Campo Grande News em 04 de Fevereiro de 2026
Juliano Almeida/CG News

Fachada da Secretaria de Fazenda, em Campo Grande
Na prática, a medida define quanto cada órgão do Executivo poderá gastar mês a mês, com base na previsão de arrecadação do Estado. A regra vale para secretarias, autarquias, fundações e fundos estaduais. A Ageprev (Agência de Previdência de Mato Grosso do Sul), segundo a programação financeira, é a pasta com maior dotação orçamentária. A Agência tem R$ 4.416.586.000 disponível para todo o exercício de 2026.

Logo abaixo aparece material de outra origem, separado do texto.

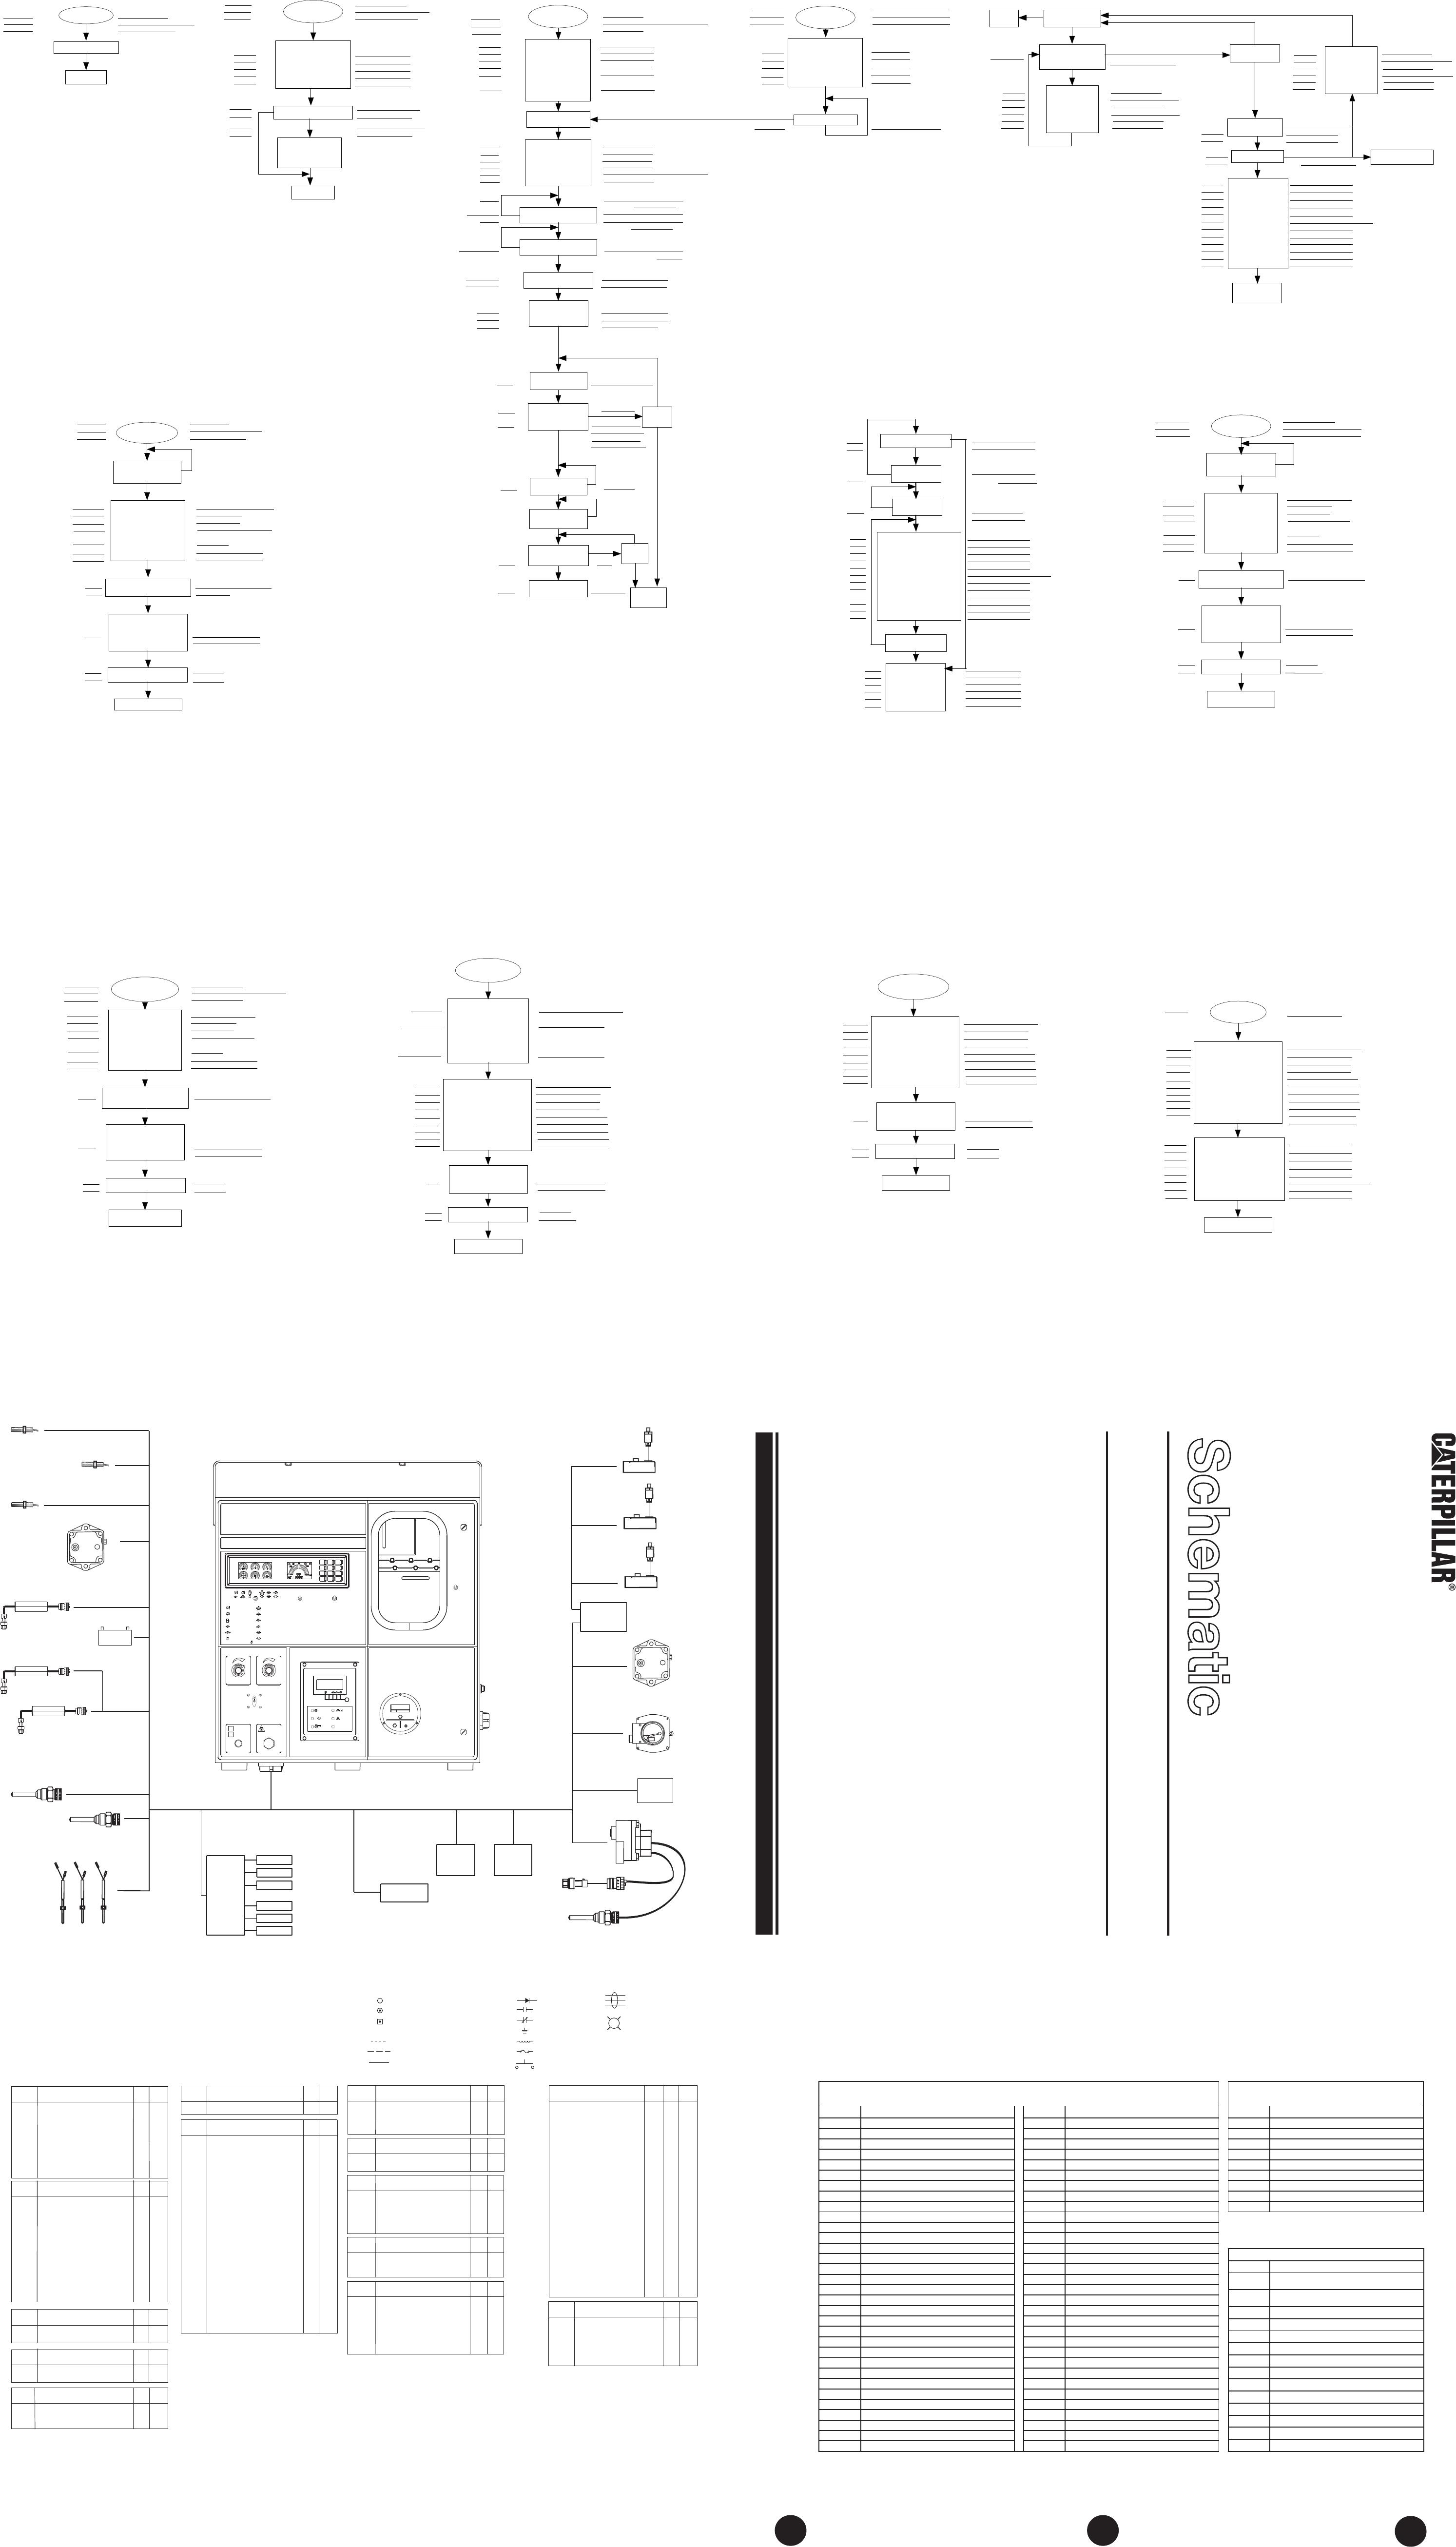 Caterpillar Schematics Diagrams D4h. . Wiring Diagram on

A publicação ainda detalha os recursos disponíveis para fundos, como é o caso do Fundersul (Fundo de Desenvolvimento do Sistema Rodoviário de Mato Grosso do Sul), que terá R$ 1.040.942.400 disponíveis para serem investidos este ano.
O texto autoriza o titular da Sefaz a fazer ajustes na programação orçamentária e financeira diretamente no SPF (Sistema de Planejamento e Finanças), de acordo com o comportamento real da arrecadação e com eventuais créditos adicionais aprovados durante o ano.
Segundo o decreto, a programação poderá ser alterada ao longo de 2026, caso a arrecadação não seja suficiente para cumprir as metas fiscais. Esse bloqueio deverá ser feito através de ato do chefe do Executivo até 30 dias após cada bimestre em que for constatada a queda de receita, seguindo critérios já definidos na LDO (Lei de diretrizes orçamentárias).
A medida de controle em tempo real vem após cortes de gastos do Executivo Estadual iniciados em agosto do ano passado. Os cofres estaduais sentiram a queda na arrecadação após a redução da importação de gás natural boliviano, que rendia elevado ICMS (Imposto sobre Circulação de Mercadorias e Serviços), chegando a responder por até um terço da receita do tributo.
Para evitar desequilíbrio financeiro e preservar a capacidade de investimento, estimada em R$ 2,5 bilhões anuais, o governo determinou cortes em contratos, limitação de despesas com diárias, passagens, horas extras, eventos e suspensão de aquisições de bens permanentes, como veículos.